What's your tolerance for setup complexity? dbt tests require almost no setup—they're built in. Great Expectations requires more initial configuration but provides more power and flexibility.

Common Pitfalls to Avoid

Don't try to make dbt tests do everything. I've seen teams write incredibly complex custom dbt tests that would be much simpler as Great Expectations. If you're writing Python macros to implement statistical checks in dbt, you're probably using the wrong tool.

Conversely, don't use Great Expectations for simple transformation validation. If you're already running dbt and you just want to check that a column is unique and not null, adding Great Expectations is overkill.

And please, don't implement validation logic in both tools for the same data at the same pipeline stage. That's just maintenance burden with no real benefit.

The Bottom Line

Great Expectations and dbt tests aren't competitors—they're complementary tools that solve different problems. dbt tests are perfect for validating your transformation logic with minimal friction. Great Expectations is the right choice for comprehensive data validation across your entire pipeline, especially at ingestion and for complex quality checks.

For most teams building production data pipelines, the answer isn't choosing one or the other.

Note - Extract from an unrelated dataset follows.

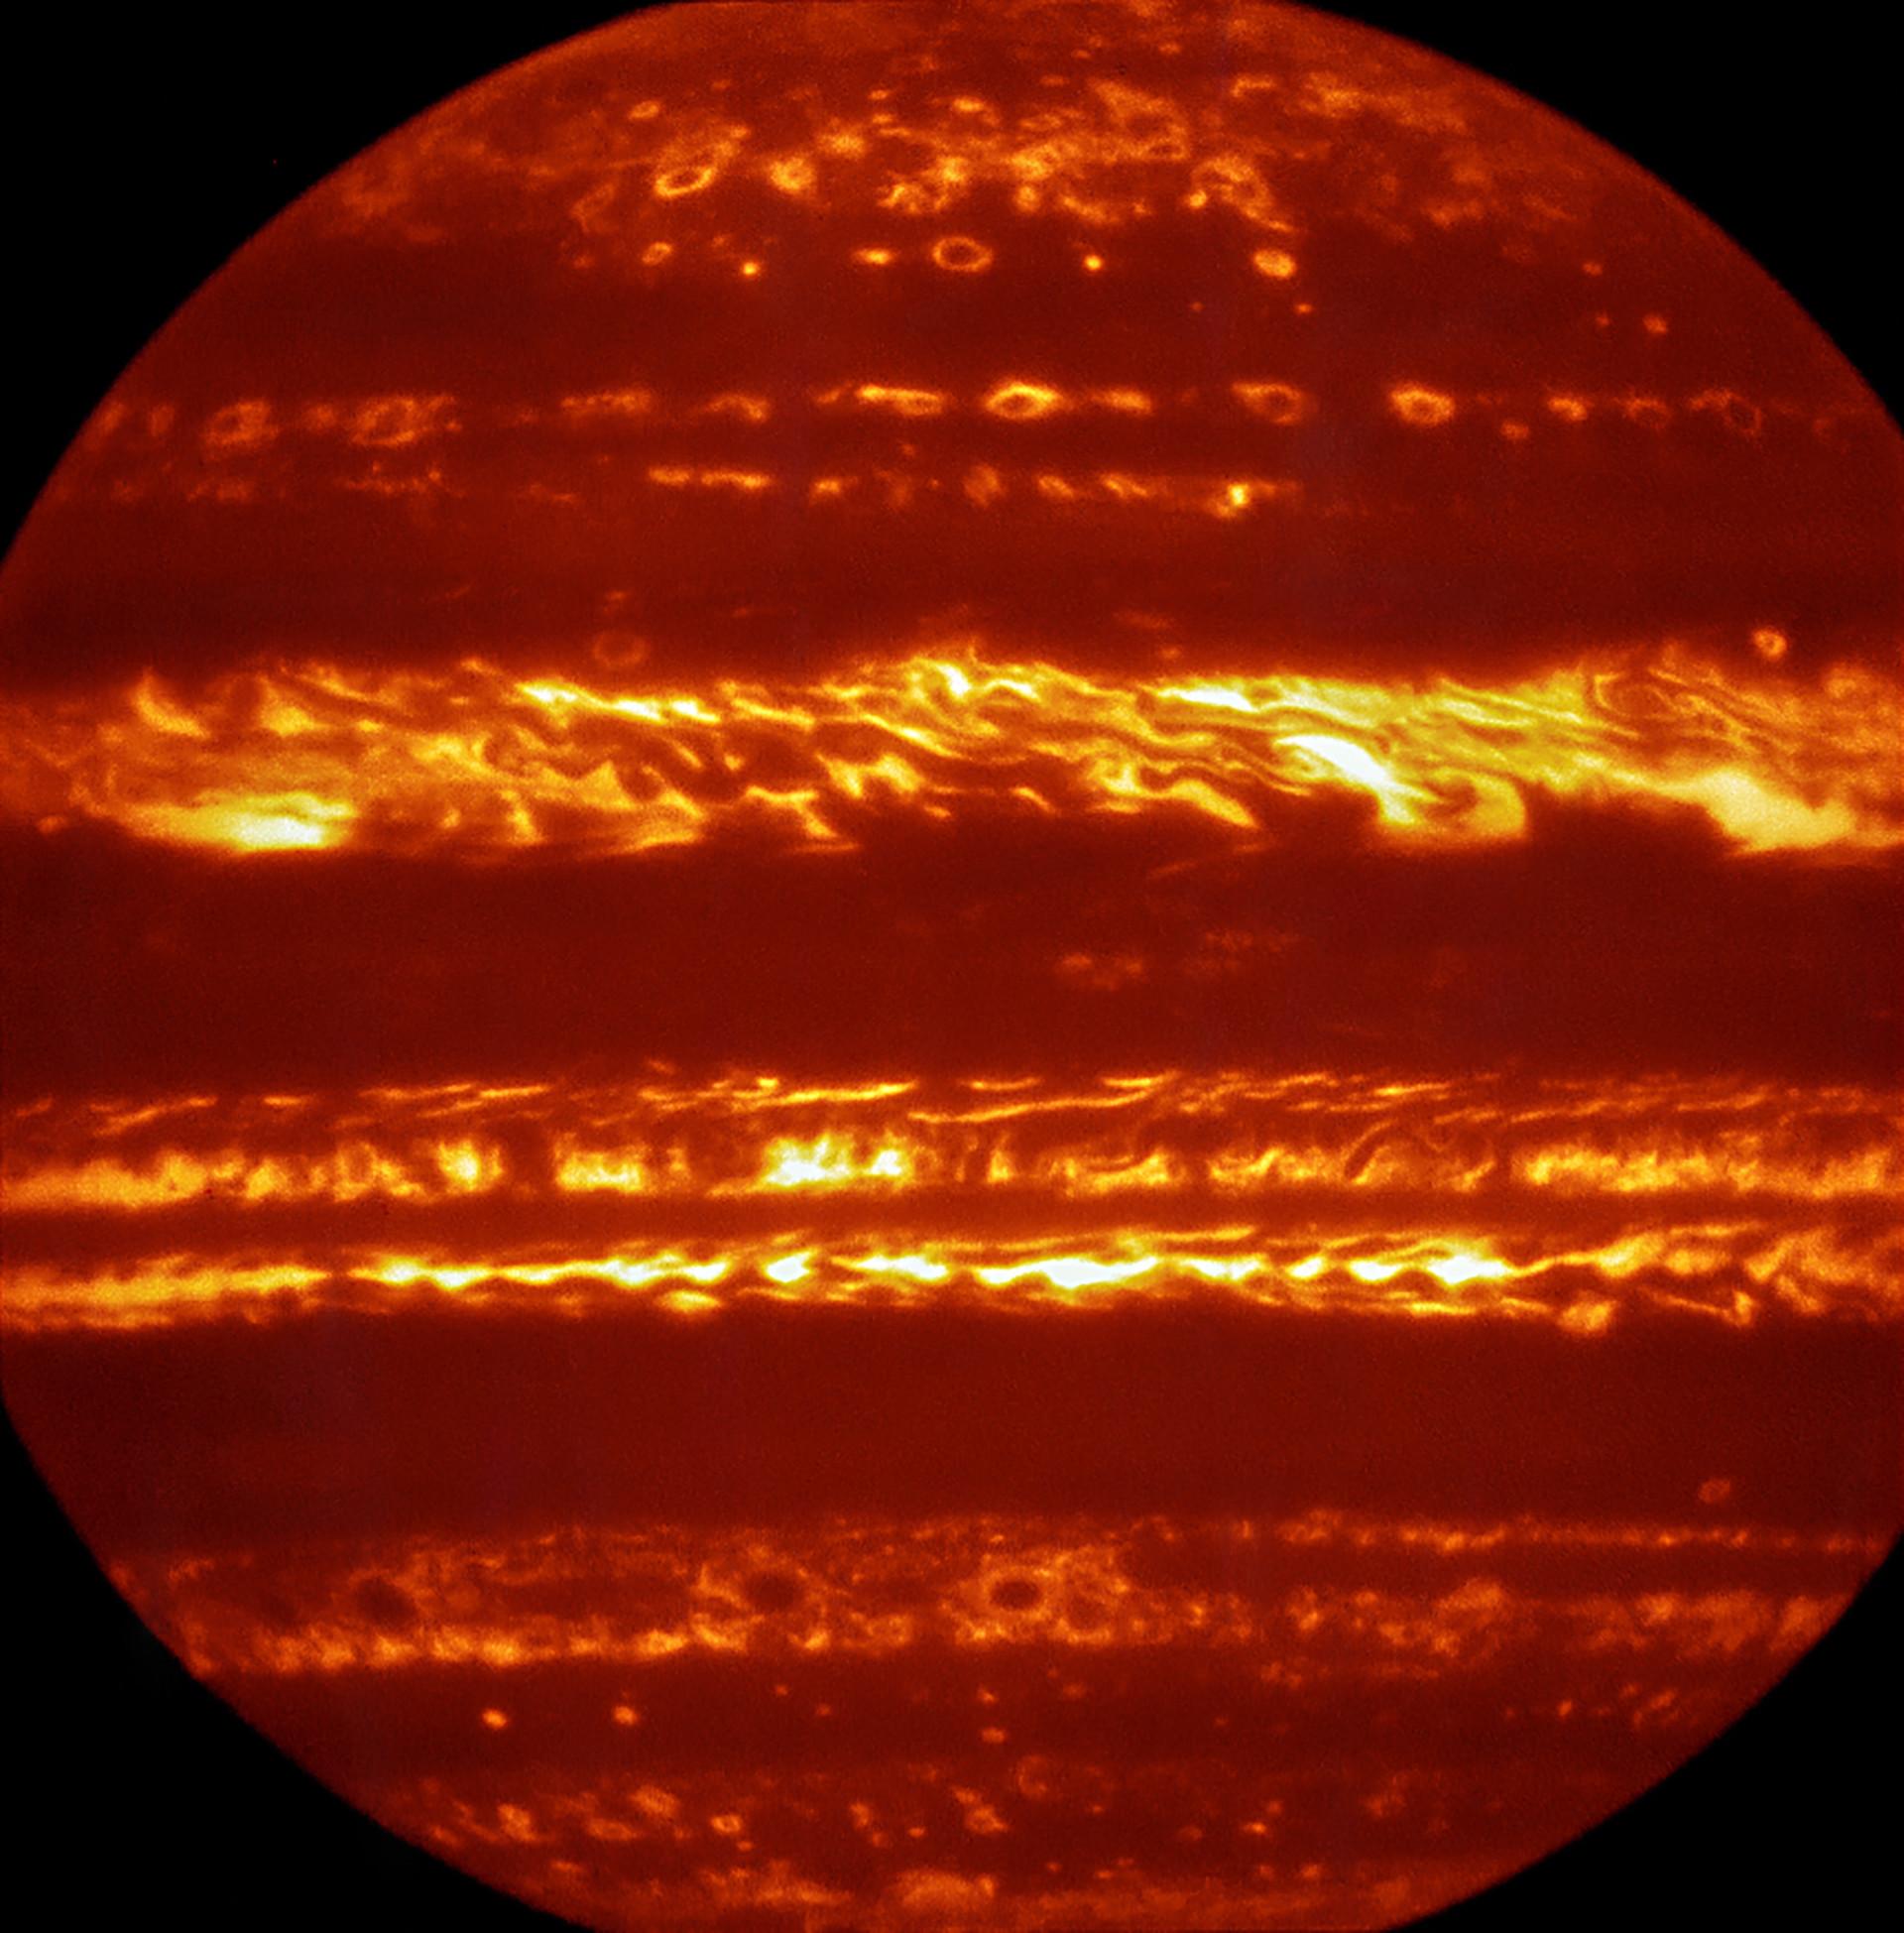 Телескоп VLT получил сверхчеткие фотографии Юпитера

It's understanding where each tool adds value and implementing them strategically at the right points in your data flow. Start with dbt tests if you're already using dbt, then add Great Expectations when you need validation capabilities that dbt can't easily provide.

The goal isn't to use every tool available—it's to build reliable data systems that catch problems early and give your stakeholders confidence in the data they're using to make decisions.